Through a joint collaboration between the HPLT¹ and OpenEuroLLM² initiatives, we announce the release of 38 monolingual reference models with 2.15B parameters. Full models and intermediate checkpoints every 1,000 steps can be downloaded from the HPLT collection “HPLT 2.0 Monolingual reference models” at HuggingFace.³
Trained on the HPLT v2 cleaned dataset⁴, these models cover a wide range of languages, including official European Union languages as well as several additional relevant ones. Each model was trained on 100B tokens using the Gemma-3-27B tokenizer and follows the LLaMA architecture with 2.15B parameters. Training was carried out on the LUMI supercomputer, with a compute budget of approximately 3,000 GPU hours per model on AMD MI250X GPUs.

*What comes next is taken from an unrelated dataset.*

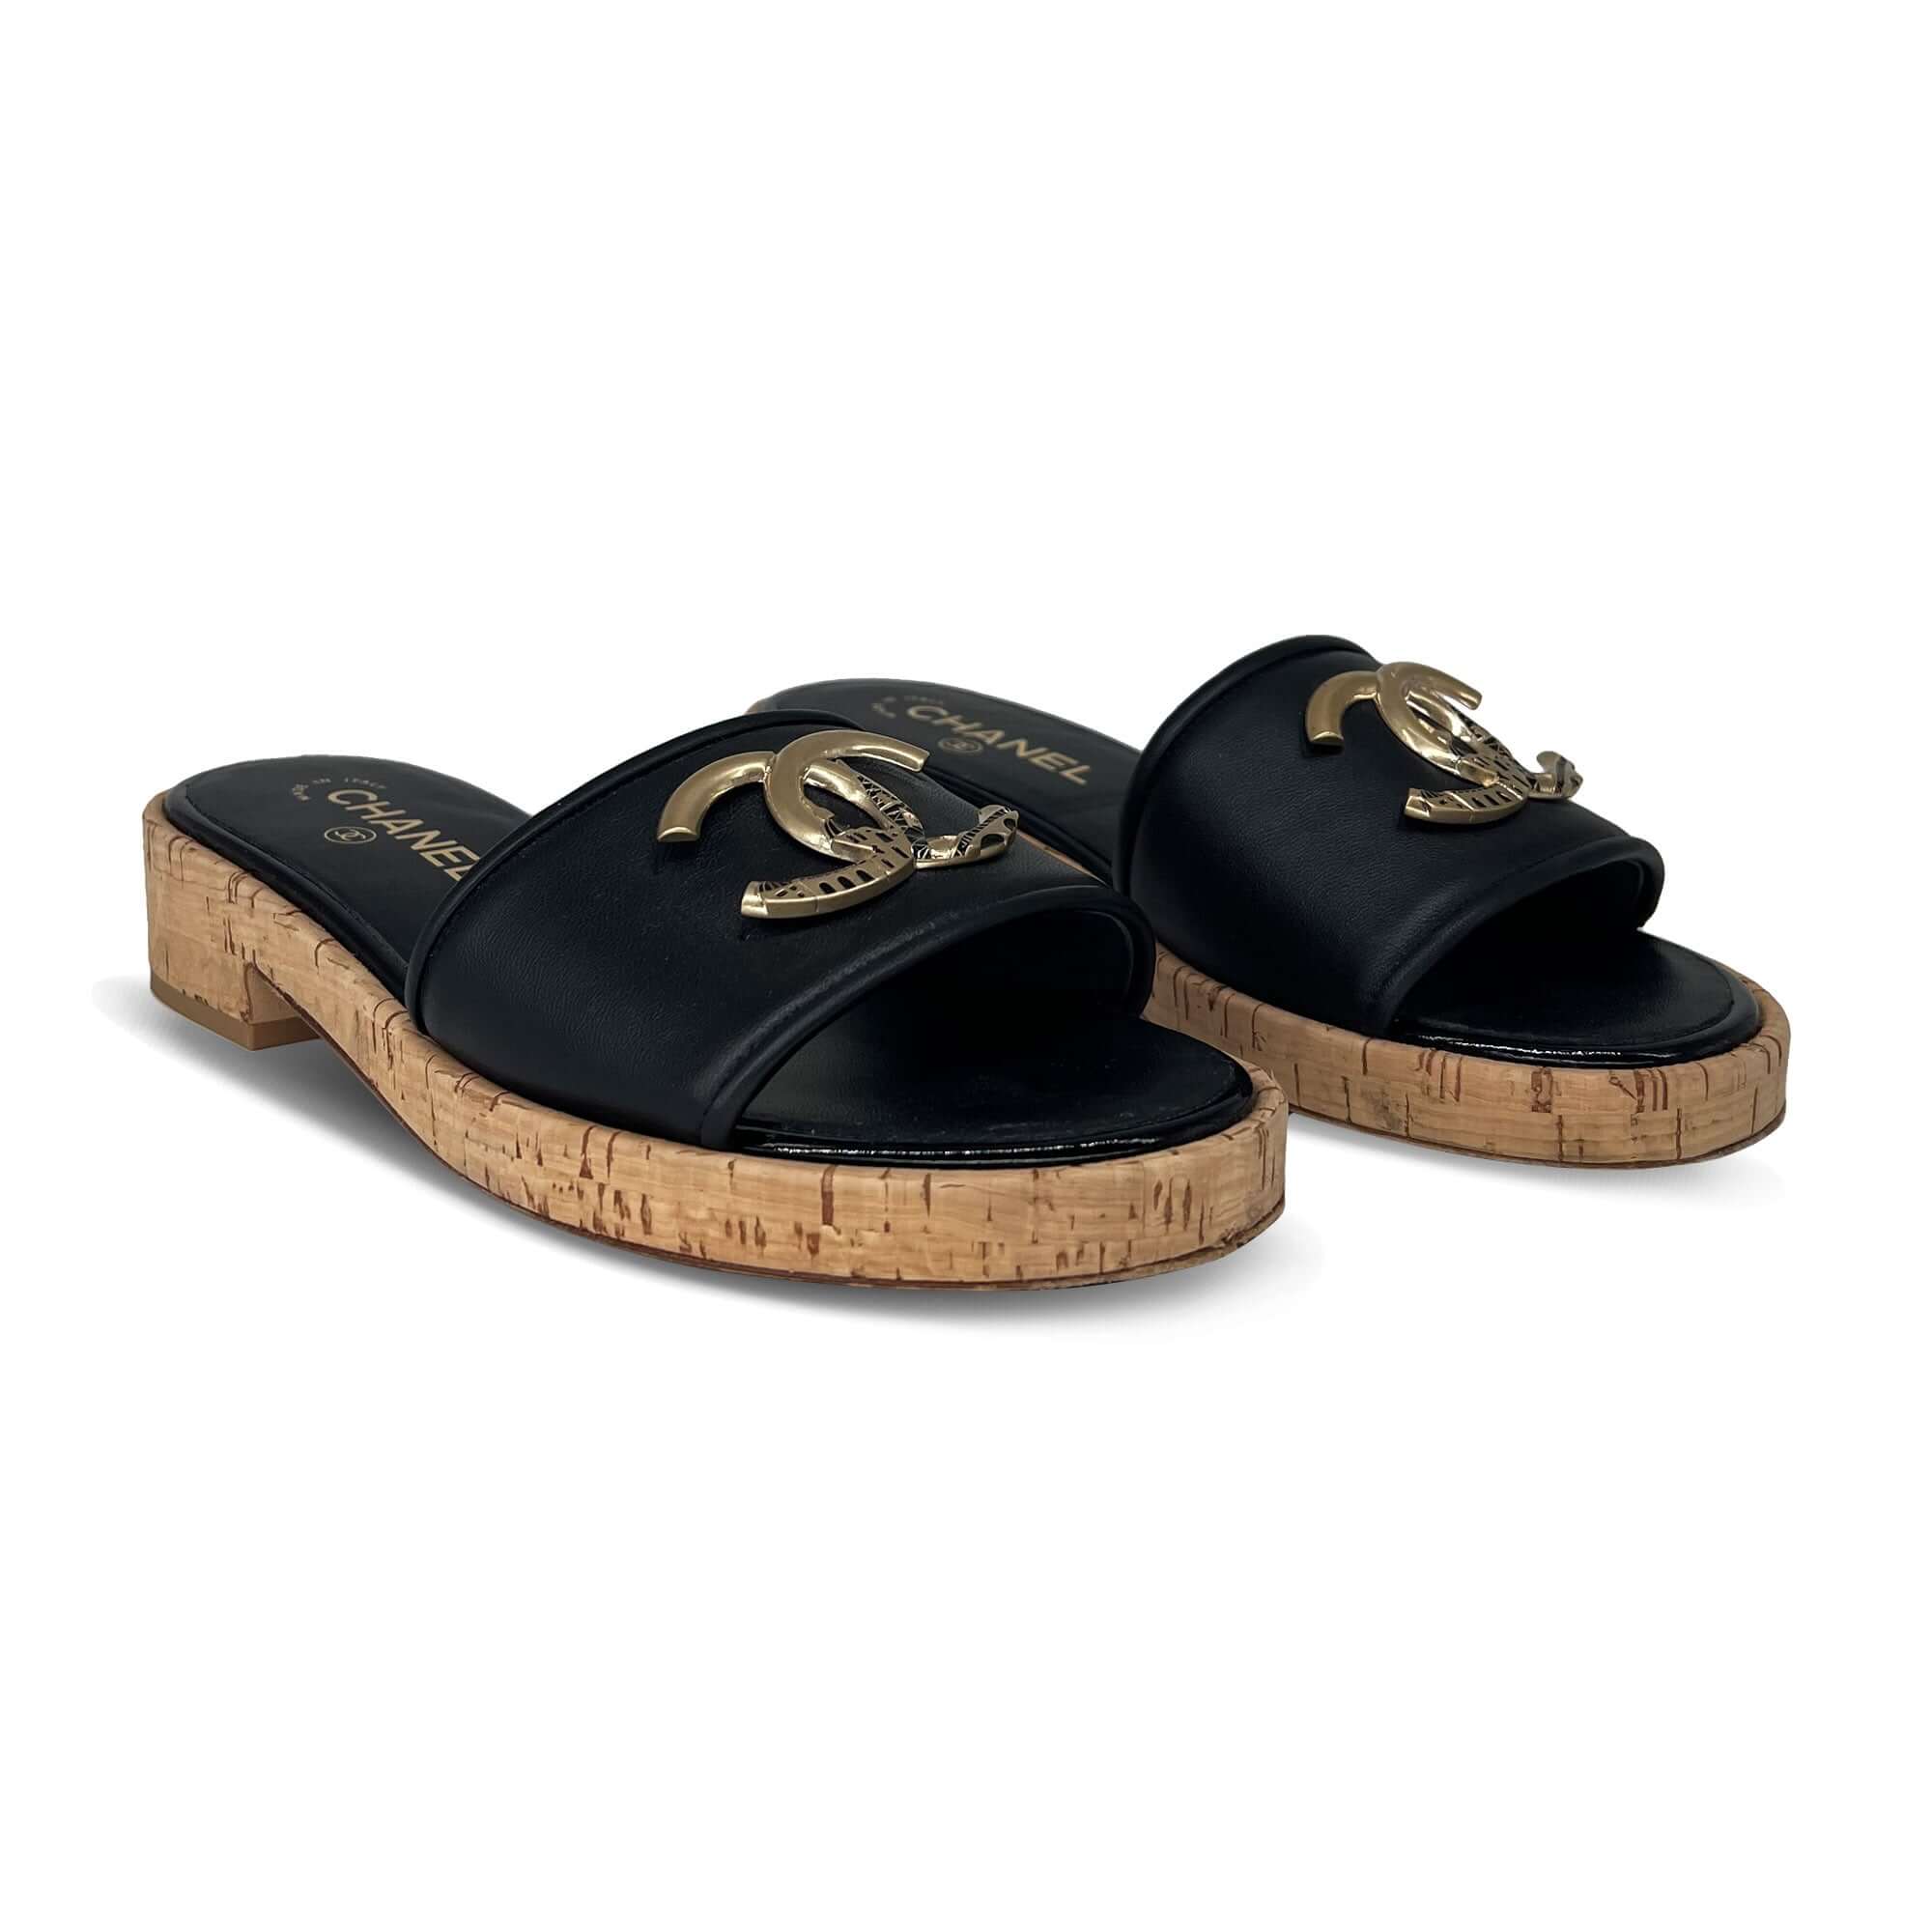 Chanel gold logo mules sandals black lambskin leather/cork – VintageBooBoo  Pre owned designer bags, shoes, clothes

The aim of this release is to provide a transparent and easily reproducible set of models that can serve many purposes such as cross-lingual comparison, inspection of monolingual performance or understanding of popular evaluation tasks for different languages.

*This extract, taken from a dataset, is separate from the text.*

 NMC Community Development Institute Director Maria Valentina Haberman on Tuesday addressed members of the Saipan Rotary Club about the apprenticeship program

To illustrate this, we share several examples of evaluation results for the 2.15B reference models:
This plot represents evaluation results for monolingual performance on the Belebele benchmark (multiple-choice machine reading comprehension) for 30 of the trained models (last checkpoint). Languages are sorted by performance taking into account different scripts when available in the HPLT v2 dataset.
More detailed results can be computed for each language, e.g. performance evolution across the full 100B training tokens. The below figures illustrate such results for the same Belebele benchmark for French and Hindi.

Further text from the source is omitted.